PROBLEM TO SOLVE
Every line between the top of the data below and the line with "itayanagi hindu personals", both ends included, must be retyped exactly.

SOURCE INFORMATION
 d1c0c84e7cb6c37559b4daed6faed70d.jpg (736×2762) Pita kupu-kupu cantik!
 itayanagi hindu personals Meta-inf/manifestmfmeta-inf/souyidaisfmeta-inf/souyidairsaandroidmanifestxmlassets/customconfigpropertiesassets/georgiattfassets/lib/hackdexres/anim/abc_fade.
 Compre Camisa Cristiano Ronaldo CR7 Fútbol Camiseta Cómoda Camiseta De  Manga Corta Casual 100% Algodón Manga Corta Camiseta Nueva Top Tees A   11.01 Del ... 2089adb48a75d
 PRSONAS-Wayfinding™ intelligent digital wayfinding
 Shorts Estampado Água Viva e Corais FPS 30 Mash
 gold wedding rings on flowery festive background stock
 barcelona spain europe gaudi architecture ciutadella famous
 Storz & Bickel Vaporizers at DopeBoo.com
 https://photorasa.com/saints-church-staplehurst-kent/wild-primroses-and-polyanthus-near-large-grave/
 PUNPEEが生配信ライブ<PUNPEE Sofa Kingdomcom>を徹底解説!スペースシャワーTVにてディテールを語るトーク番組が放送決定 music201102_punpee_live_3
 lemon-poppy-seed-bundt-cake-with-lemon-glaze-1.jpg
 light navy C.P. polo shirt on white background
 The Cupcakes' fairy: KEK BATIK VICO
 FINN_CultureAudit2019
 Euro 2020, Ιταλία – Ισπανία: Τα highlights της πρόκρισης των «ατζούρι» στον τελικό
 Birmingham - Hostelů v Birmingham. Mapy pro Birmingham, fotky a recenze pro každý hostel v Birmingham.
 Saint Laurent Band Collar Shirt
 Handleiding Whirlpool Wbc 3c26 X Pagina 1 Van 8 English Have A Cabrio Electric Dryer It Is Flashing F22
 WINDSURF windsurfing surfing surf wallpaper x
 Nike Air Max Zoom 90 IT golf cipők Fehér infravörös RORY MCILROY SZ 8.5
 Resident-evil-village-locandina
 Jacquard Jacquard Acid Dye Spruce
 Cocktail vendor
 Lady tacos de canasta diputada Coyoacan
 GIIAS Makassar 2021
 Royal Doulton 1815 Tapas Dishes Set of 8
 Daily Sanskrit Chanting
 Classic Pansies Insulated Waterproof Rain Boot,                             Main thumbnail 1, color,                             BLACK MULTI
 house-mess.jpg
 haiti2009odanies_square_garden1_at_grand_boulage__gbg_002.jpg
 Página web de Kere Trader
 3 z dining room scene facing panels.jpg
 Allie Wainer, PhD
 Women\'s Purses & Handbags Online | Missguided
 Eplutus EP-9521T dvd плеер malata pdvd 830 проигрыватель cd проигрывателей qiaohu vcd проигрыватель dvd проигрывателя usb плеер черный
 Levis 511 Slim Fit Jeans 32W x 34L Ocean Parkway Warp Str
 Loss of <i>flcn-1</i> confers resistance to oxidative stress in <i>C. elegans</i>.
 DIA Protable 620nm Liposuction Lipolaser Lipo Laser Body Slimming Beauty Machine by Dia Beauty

EXERCISE RESULT
 d1c0c84e7cb6c37559b4daed6faed70d.jpg (736×2762) Pita kupu-kupu cantik!
 itayanagi hindu personals Meta-inf/manifestmfmeta-inf/souyidaisfmeta-inf/souyidairsaandroidmanifestxmlassets/customconfigpropertiesassets/georgiattfassets/lib/hackdexres/anim/abc_fade.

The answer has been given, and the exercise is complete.